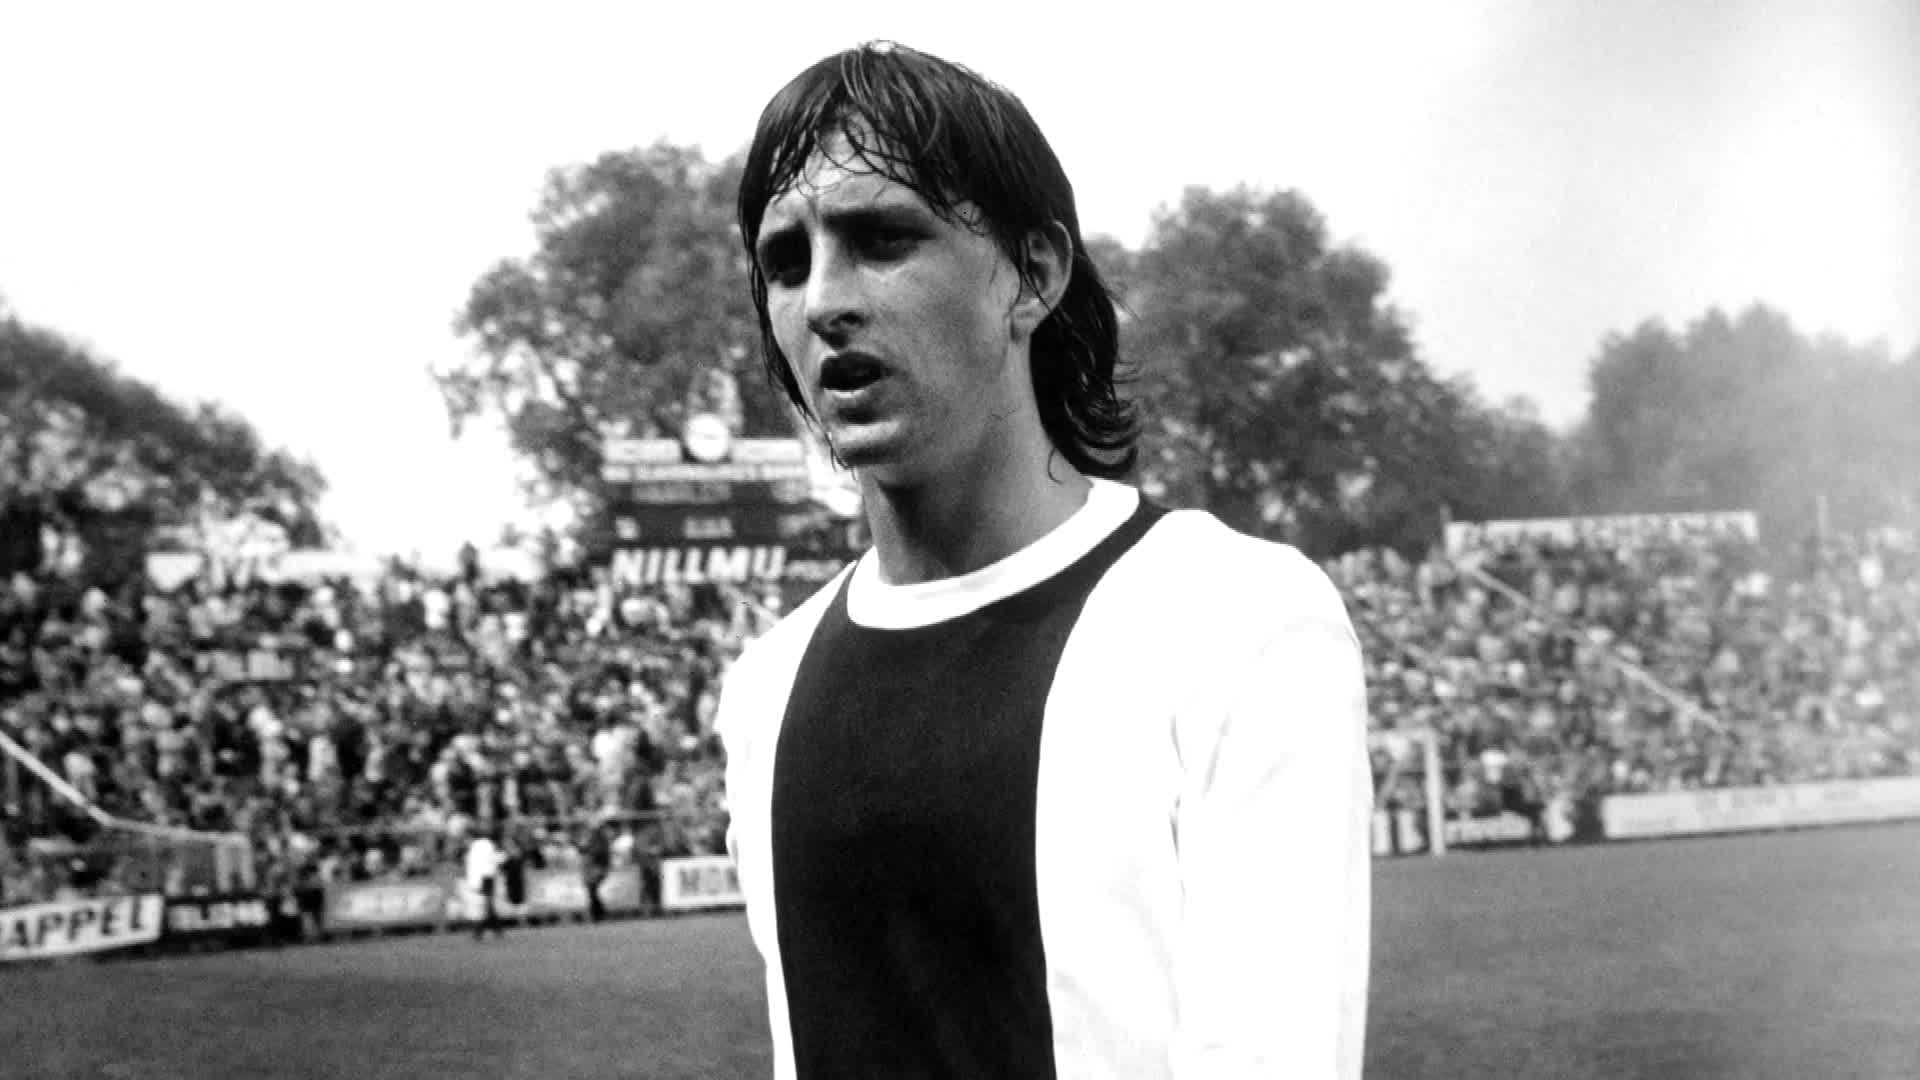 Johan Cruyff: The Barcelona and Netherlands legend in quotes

* * *

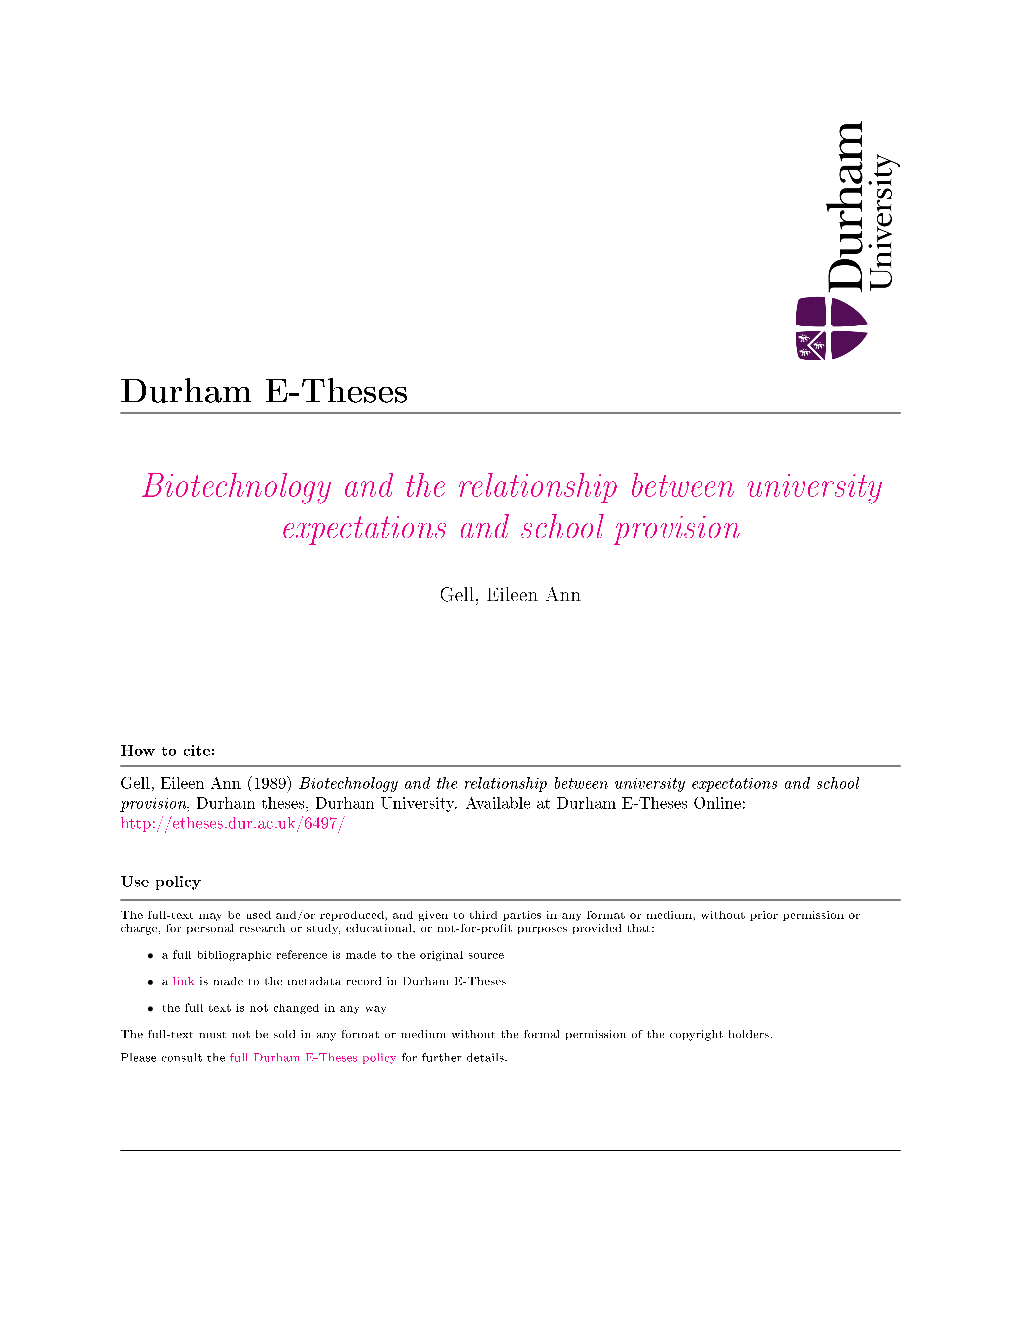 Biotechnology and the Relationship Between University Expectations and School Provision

---

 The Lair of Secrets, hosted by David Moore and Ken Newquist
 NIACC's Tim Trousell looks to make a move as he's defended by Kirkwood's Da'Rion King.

ASSIGNMENT: Using the data above, print exactly the lines from the line that contains "The Lair of" through the line that contains "NIACC's Tim Trousell", with both included.

FINISHED TASK:
 The Lair of Secrets, hosted by David Moore and Ken Newquist
 NIACC's Tim Trousell looks to make a move as he's defended by Kirkwood's Da'Rion King.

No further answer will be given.